For the White Chocolate Ganache

  • 1 cup heavy cream Essential for our silky ganache.
  • 8 oz white chocolate, chopped Creates a dreamy topping.
  • 1 teaspoon vanilla extract Adds depth to the ganache flavor.

For Garnish

  • Fresh raspberries (optional) A stunning and colorful decoration.
  • Mint leaves (optional) A refreshing touch to elevate presentation.

Instructions

Preparing the Cake

  • Preheat the oven to 350°F (175°C) and grease and flour two 9-inch round cake pans.
  • In a microwave-safe bowl, melt the chopped white chocolate in 30-second intervals, stirring until smooth. Let it cool slightly.
  • In a medium bowl, whisk together the flour, baking powder, and salt.
  • In a large mixing bowl, beat the softened butter and sugar together until light and fluffy.
  • Add the eggs one at a time, beating well after each addition.
  • Mix in the melted white chocolate, milk, sour cream, and vanilla extract until combined.
  • Gradually add the dry ingredients to the wet mixture, mixing just until combined.
  • Divide the batter evenly between the prepared pans and bake for 25-30 minutes, until a toothpick inserted in the center comes out clean.
  • Let the cakes cool completely in the pans.

For the Raspberry Filling

  • In a saucepan, combine the raspberries, sugar, lemon juice, and cornstarch. Cook over medium heat, stirring gently until the mixture thickens.
  • Allow the raspberry mixture to cool completely before using it in the cake.
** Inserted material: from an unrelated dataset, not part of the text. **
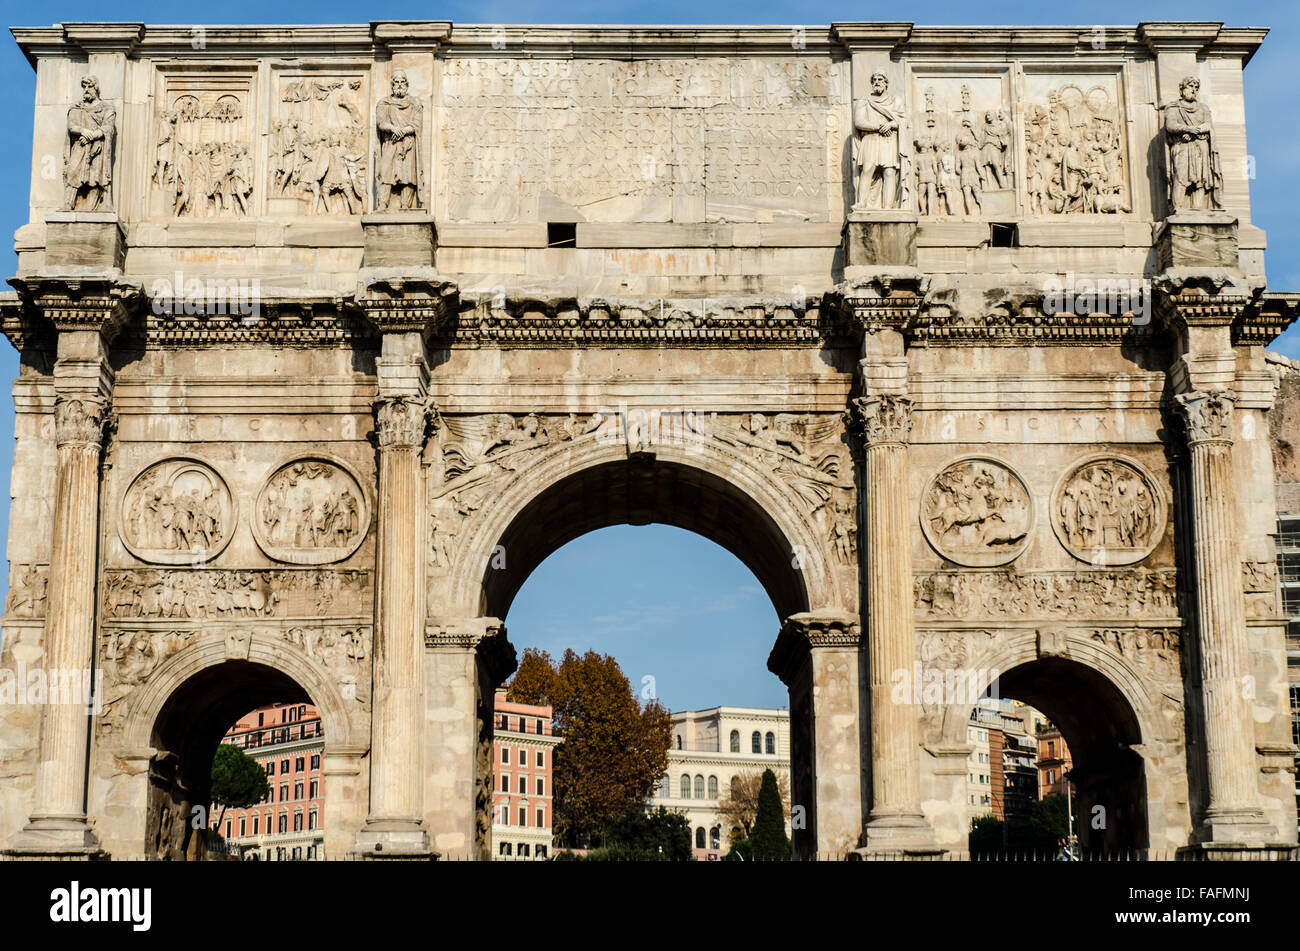 The Arch of Constantine is a triumphal arch in Rome, situated between the Colosseum and the Palatine Hill. Stock Photo

For the White Chocolate Ganache

  • Heat the heavy cream in a saucepan until it begins to simmer, then remove from heat and add the chopped white chocolate.
  • Stir until the chocolate is completely melted and smooth, then stir in the vanilla extract and let it cool slightly.

Assembling the Cake

  • Place one cake layer on a serving plate and spread the raspberry filling evenly over the top.
  • Carefully place the second cake layer on top.
  • Pour the white chocolate ganache over the cake, spreading it evenly to cover the top.
  • Garnish with fresh raspberries and mint leaves if desired.

Notes

For a richer flavor, use high-quality white chocolate. Ensure your butter is at room temperature before beating for a fluffier texture. Allow the cake to chill briefly after assembly to set the ganache before serving.